Predict Students' Dropout and Academic Success

In this project we anylize the data from the Students Dropout Repository where data were collected from a higher education institution, encompassing students from various undergraduate programs. The dataset includes academic history, demographic information, and socio-economic factors. Our goal is to predict whether a student will fail or succeed.

Exploratoty Data Analysis (EDA)

How does the distribution of enrollment ages vary across different outcomes?

admission histogram

We can see that the dropout rate among individuals aged 25 to 40 is higher than in other age groups within this range. This may suggest that as age increases, the likelihood of graduating decreases.

Are there any noticeable differences in the course taken, between students who dropout and those who successfully graduate?

course bar plot

We observe distinct trends across different courses. For instance, Informatics Engineering (9119) and Equinculture (9130) show a higher likelihood of student dropout, whereas Nursing (9500) and Social Service (9238) exhibit a greater probability of student graduation.

How do the distributions of admission grades differ between students who dropout, those who enroll, and those who graduate?

admission grade histogram

Although the distributions appear similar, the Dropout group shows a higher concentration at the minimum grade.

Are there any interesting patterns when plotting multiple demographic variables (e.g., gender, nationality, parental qualifications) against each other in relation to student outcomes?

gender barplot

As we can see the Male group has considerable more population in the dropout group.

mother occupation barplot

After filtering the most common occupations, it's notable that 'Student' (0) and 'Other situation' (90) have a larger representation among the dropped out group of students.

father occupation barplot

Once again, 'Student' (0) and 'Other situation' (90) show a higher presence in the dropout group.

How does it look the distribution of all curriculum credicts depending on the student cathegory?

units 1st semester histograms units 2nd semester histograms

As observed, the dropout group has a significant number of individuals with zero completed curricular units.

Modeling

We have implemented three machine learning models. The first, a Decision Tree Classifier, serves as our baseline model providing a simple and interpretable approach that helps us evaluate the performance of more advanced models. The second, Logistic Regression, is a more robust model, particularly effective for binary classification when the relationship between features and the outcome is approximately linear. Finally, the Random Forest Classifier offers a more sophisticated solution by combining multiple decision trees to improve accuracy and reduce overfitting.

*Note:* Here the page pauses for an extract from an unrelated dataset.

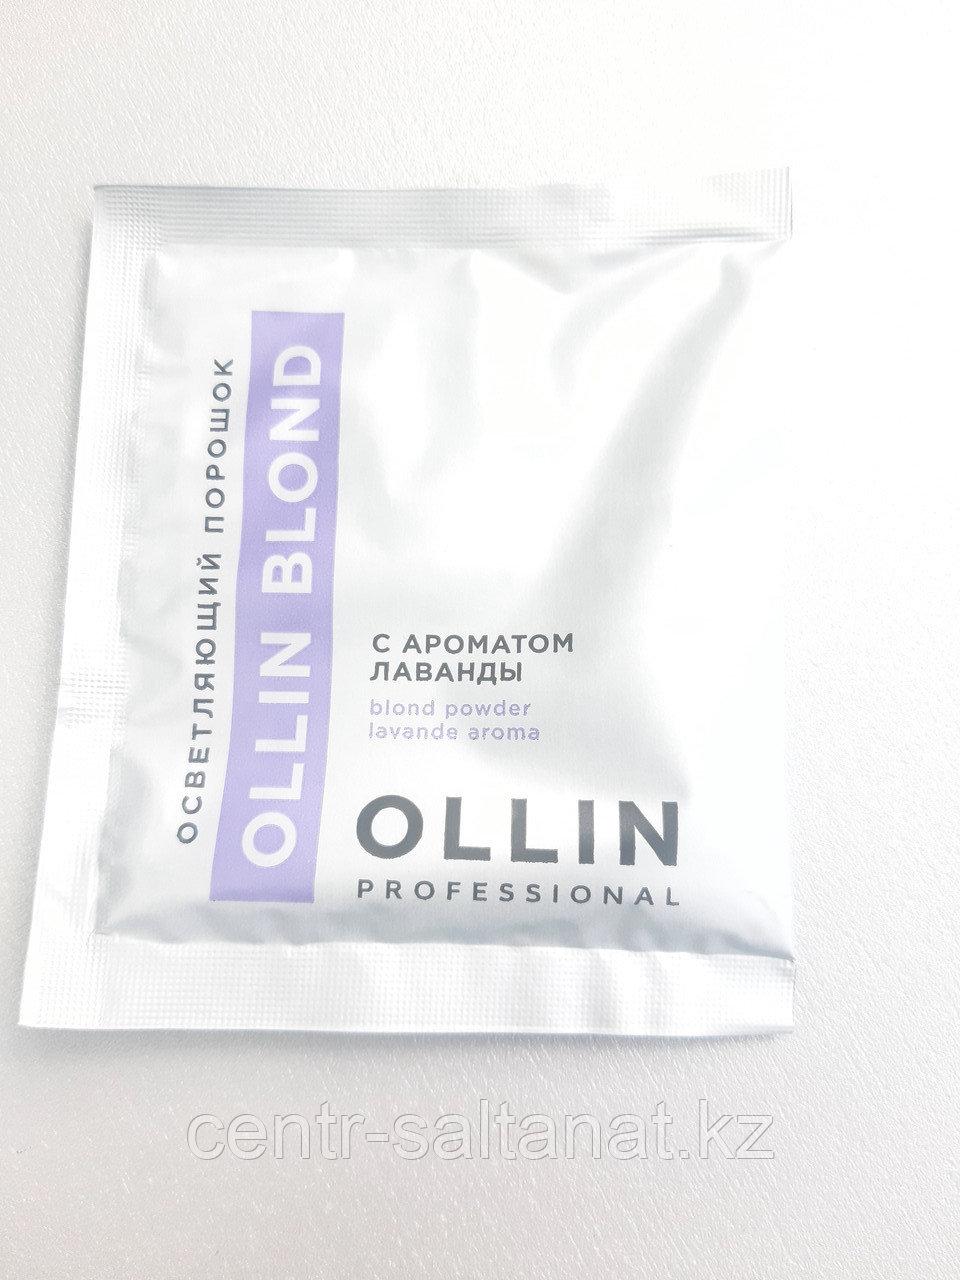 Осветляющий порошок с ароматом лаванды 30 г OLLIN

What we see bellow are the confusion matrices for the three respective models.

decision tree

Global Accuracy of the model: 0.68

logistic regression

Global Accuracy of the model: 0.75

random forest

Global Accuracy of the model: 0.77

Overall, the Random Forest Classifier delivers better performance compared to the other models. However, as seen in all confusion matrices, there is a significant imbalance in the "Graduate" and "Enrolled" groups. In other words, while the models perform well when predicting dropouts, their accuracy goes down when predicting the other categories. This discrepancy is likely due to the data imbalance itself, which skews the models' predictions.

Despite this imbalance, we have developed a reliable model to analyze student situations. This is valuable for institutions, as it enables them to take proactive measures when addressing the risk of student dropouts.

Thanks for reading! 🧑‍💻💕